◆ PROVIDED DATA
____
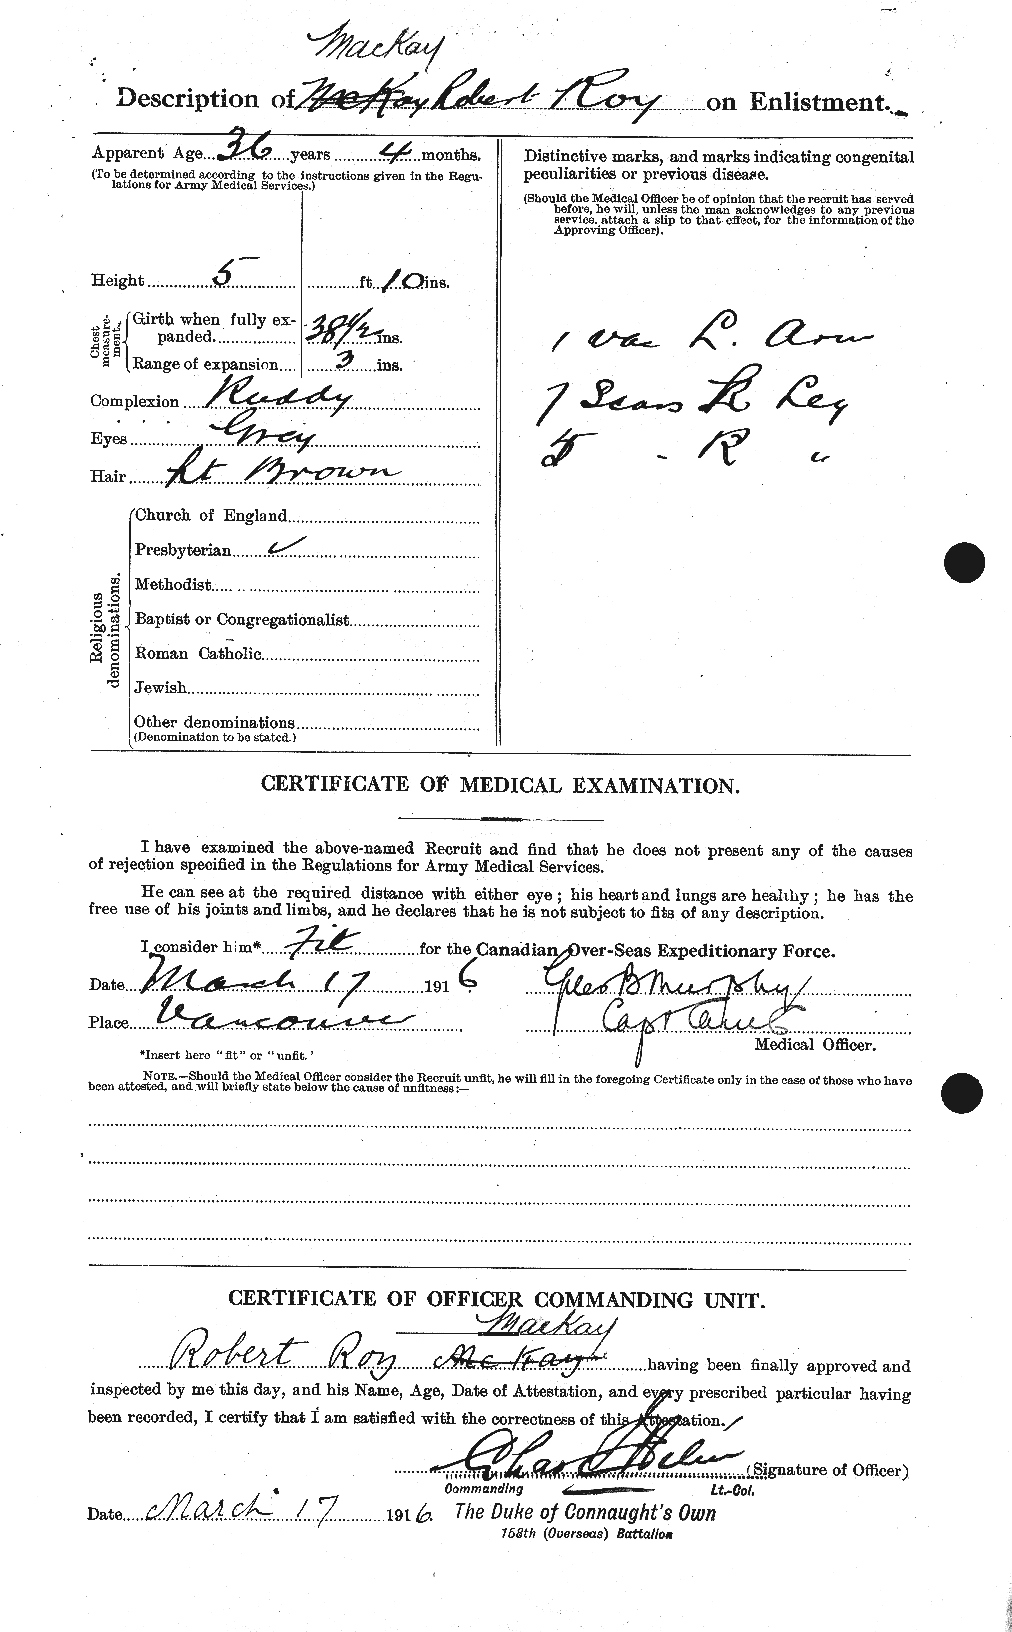 Personnel Records of the First World War - CEF 530108b
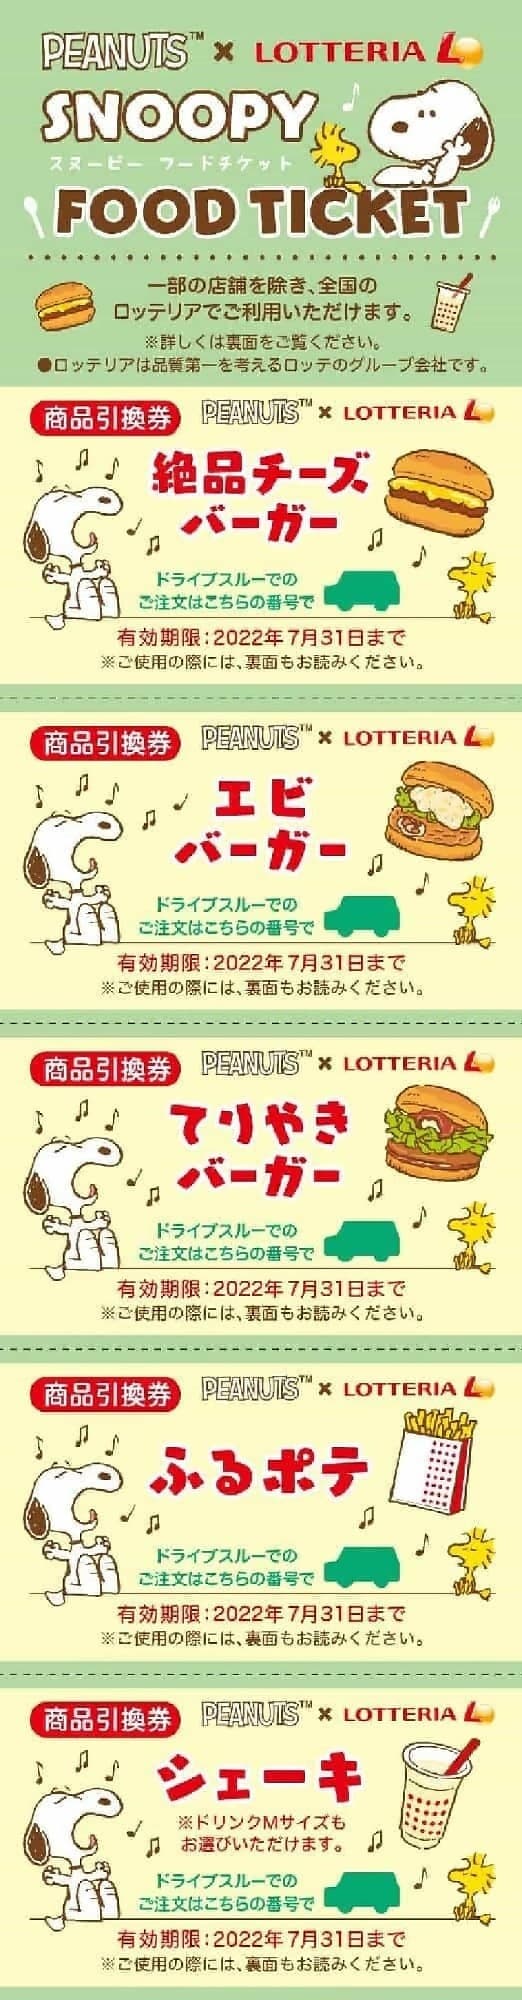 Lotteria "Snoopy and Colorful Lunch ♪ Set Snoopy Food Ticket"
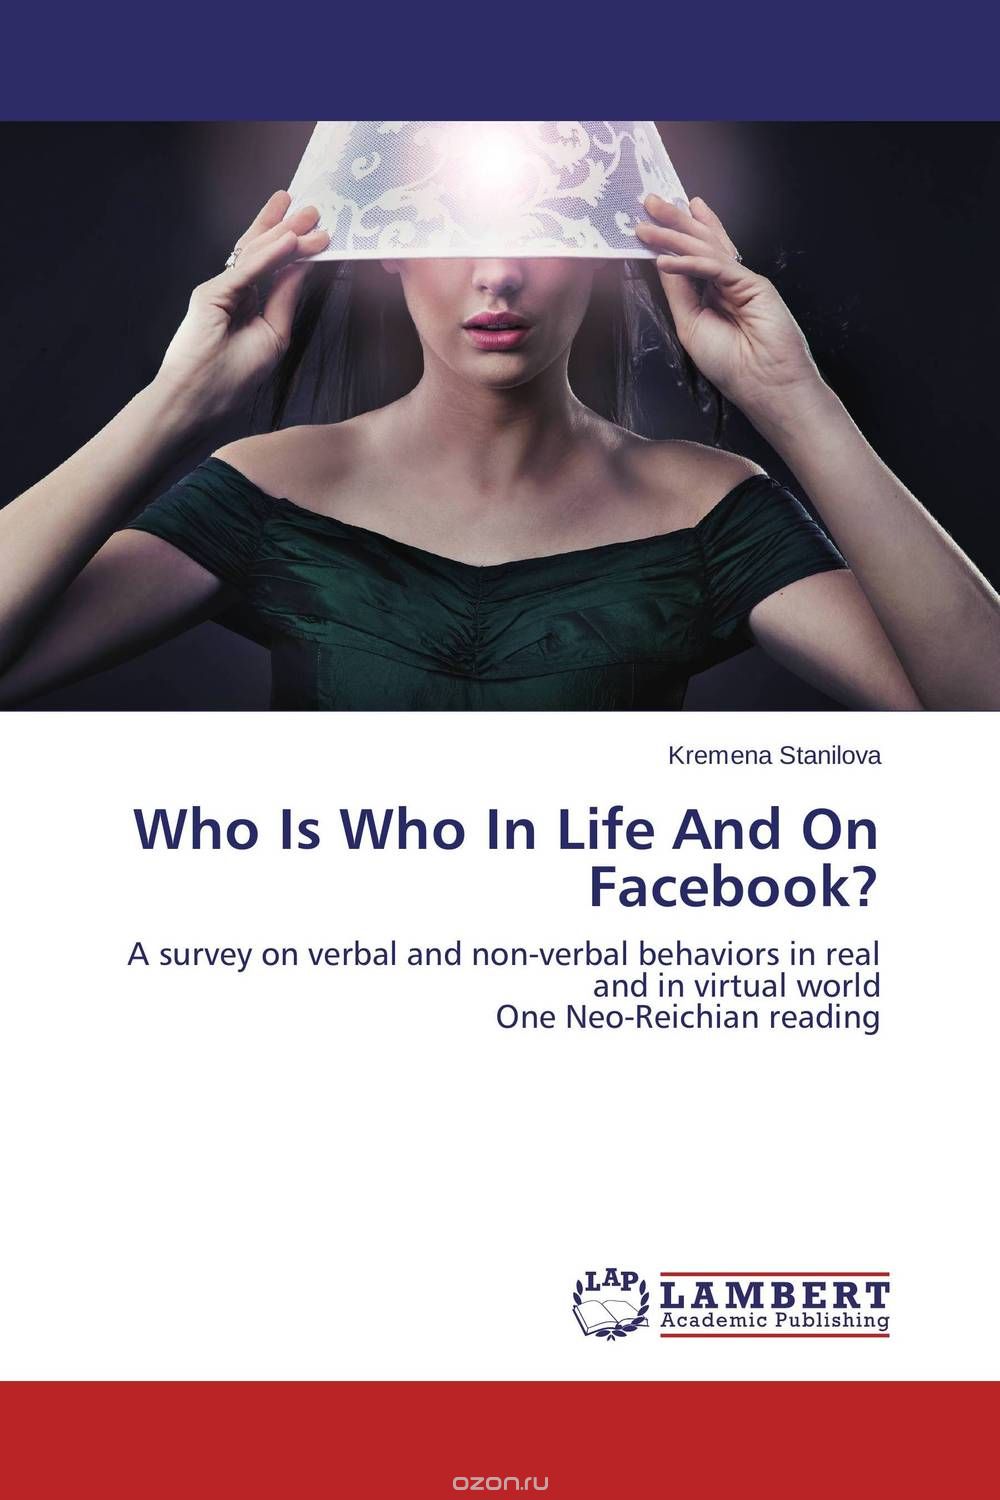 Скачать книгу "Who Is Who In Life And On Facebook?"
____
◆ AIM OF THE EXERCISE
Type the listing above out again exactly, and omit all pictures.

◆ ANSWER SPACE
 Personnel Records of the First World War - CEF 530108b
 Lotteria "Snoopy and Colorful Lunch ♪ Set Snoopy Food Ticket"
 Скачать книгу "Who Is Who In Life And On Facebook?"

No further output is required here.